Should the outcome of these studies be positive, Diamir expects to move ahead with plans to launch an MCI assay, initially in partnership with a contract lab, she added.

Importantly for its commercial aspirations, Diamir has recently received a notice of allowance from the US Patent and Trademark Office for a key patent application that covers its miRNA analysis approach and its clinical use.

Entitled "Methods of Using Small RNA from Bodily Fluids for Diagnosis and Monitoring of Neurodegenerative Diseases," the patent application (No. 20120252693) claims the "detection of neuronal pathologies using quantitative analysis in bodily fluids of synapse and/or neurite small RNAs." It also covers the application of such methods for the "early diagnosis and monitoring of neurodegenerative diseases and other neurological disorders."
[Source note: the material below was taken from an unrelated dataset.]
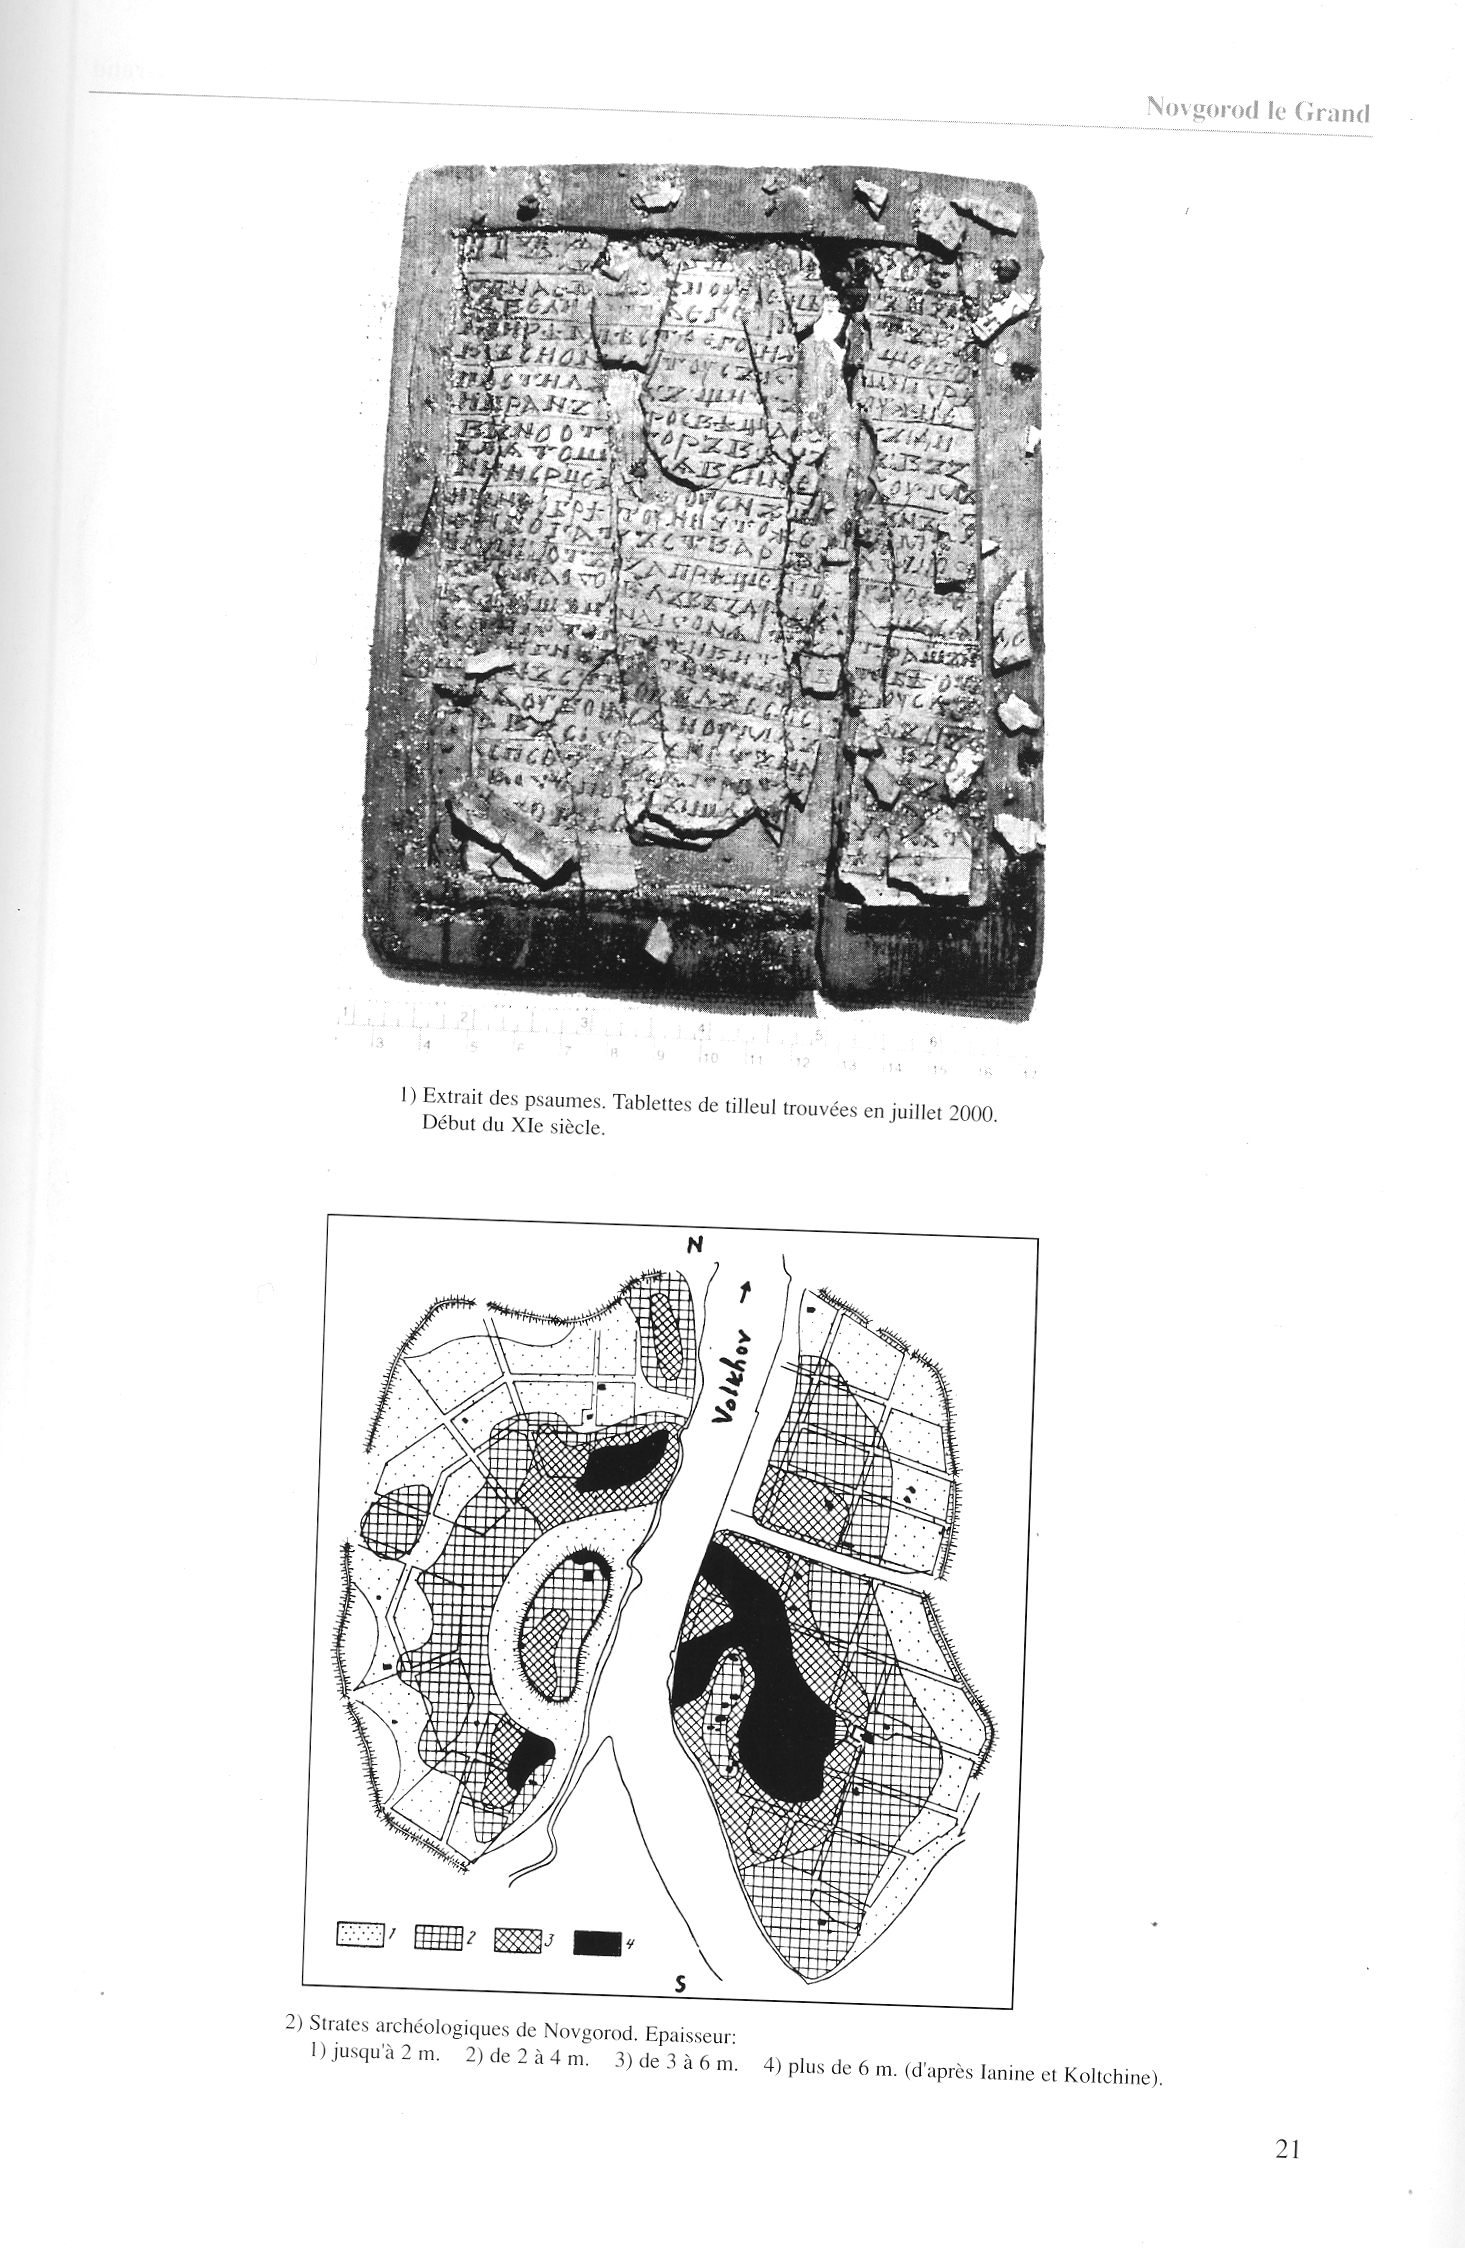 FPPR Revue 01 2002 23. Page 21. Extrait des psaumes sur tablettes de tilleul et Strates archéologique de Novgorod par Jean Blankoff

Given the recent US Supreme Court decision that human genes cannot be patented, it is uncertain whether intellectual property covering specific naturally occurring miRNAs will prove enforceable. And for its part, Diamir believes such IP will not offer "as strong a position as [the one] we are taking," Sheinerman said

"We are creating something. We are putting into our process a number of innovative ideas … [and] this is what we believe makes our IP strong," she added.

Meanwhile, the company is exploring the possibility of developing more specific tests that could not only identify patients who will develop MCI, but pinpoint those whose MCI will progress into related conditions, Sheinerman said.

Given that MCI is a "heterogeneous condition," Diamir and its collaborators at Roskamp are also investigating whether miRNA signatures can be used to differentiate which MCI sufferers will progress to Alzheimer's disease, for instance, or to monitor the effects of treatment, she said.